If you haven’t said it, you’ve probably heard it, “There’s no air up here!” But is that really the case? It turns out that even as you go up in elevation, say from sea level to the top of Pikes Peak (14,115 feet), the gases that make up the air around you remains the same, 20.93% oxygen (O2), 0.03% carbon dioxide (CO2), and 79.04% nitrogen). So if there isn’t “less oxygen” why do you feel so terrible? Well it turns out that as you go up in elevation, there is a decrease in partial pressure of oxygen, and your lungs rely on that partial pressure gradient for inhalation and exhalation. Additionally, that pressure gradient also influences gas exchange between your alveoli and capillary beds (1). So while there is not less oxygen, it’s a lot harder to get the oxygen both into your lungs and from your lungs into your circulatory system (and to your working muscles, brain, etc).

So how does your body adapt to not only survive but thrive at different elevations?

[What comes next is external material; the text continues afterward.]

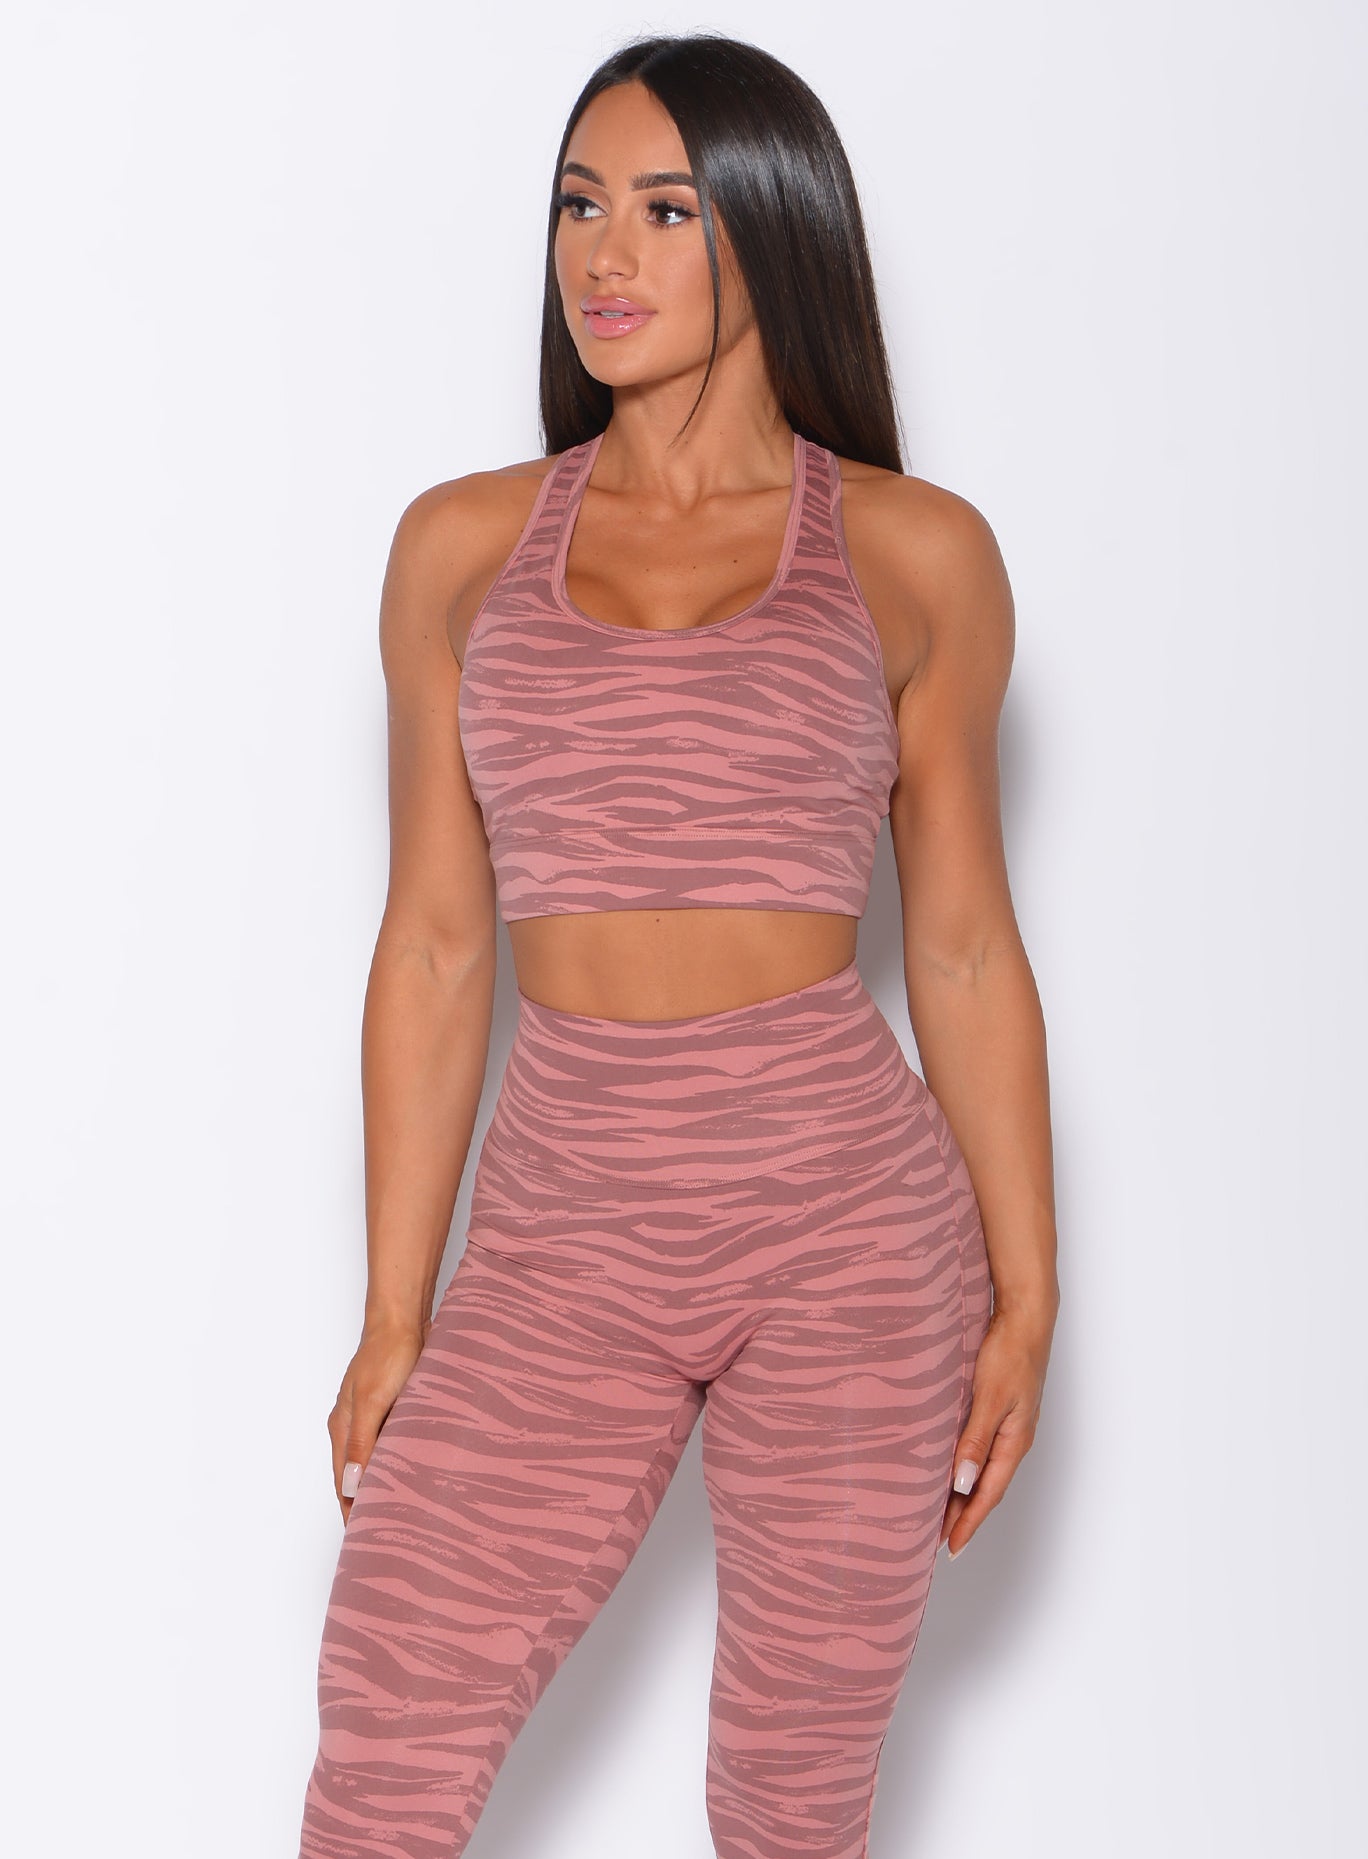 Front profile picture of a model wearing our rival sports bra in nude blush color and a matching sexy back leggings in tiger print

When you arrive at higher elevations your body has to go through a series of adaptations incredibly quickly to counter your sudden decreased ability to transport oxygen efficiently (remember the pressure gradient from above?). Some of these adaptations take place very quickly within the first 24 hours at altitude, while others may take as long as several weeks to fully develop. So what are these changes?

Immediately your body tries to artificially boost the density of your red blood cells through a process known as haemoconcentration. This happens to temporally boost your hematocrit in hopes of transporting oxygen more effectively until your body can produce more red blood cells to help (2,3). This process however decreases your blood plasma volume by 10-25%. This is why your heart rate is generally elevated when you initially travel to altitude. Think about it, cardiac output (Q) = heart rate x stroke volume – and if your blood volume decreases (stroke volume) your heart rate has to increase to keep cardiac output stable. This is generally why athletes commonly feel worst between 24 to 72 hours after arriving at altitude.

Source: Acute Mountain Sickness Explained – South Africa Adventures. Retrieved from http://www.southafricaadventures.com/acute-mountain-sickness-ams/

From the respiratory side, something occurs called a Hypoxic Ventilator Response. At altitude, because there is a decrease in O2 coming into your blood stream (again, remember the issue with the pressure gradient above?), your ventilation rate and depth of breathing increase. This ultimately shifts your pH balance, and if we know anything about the human body it’s that they like to operate in pretty finite windows. This shift in blood pH causes your kidneys to get involved, primarily via fluid balance from increased urination, in order to bring you back into equilibrium. This hypoxia induced pH shift does one more important thing, it triggers the release of more erythropoietin (EPO) (4). You might be thinking, EPO like the illicit drug? Well, yes, however EPO is also naturally produced to help stimulate the production of red blood cells. This process, called erythropoiesis, takes at least one week but as many as two to three weeks to allow red blood cells to mature and become fully functional. These long term changes ultimately lead to an expanded blood plasma volume, increased hematocrit and hemoglobin. This is the primary goal of altitude exposure, physiologically, the ability to carry more oxygen.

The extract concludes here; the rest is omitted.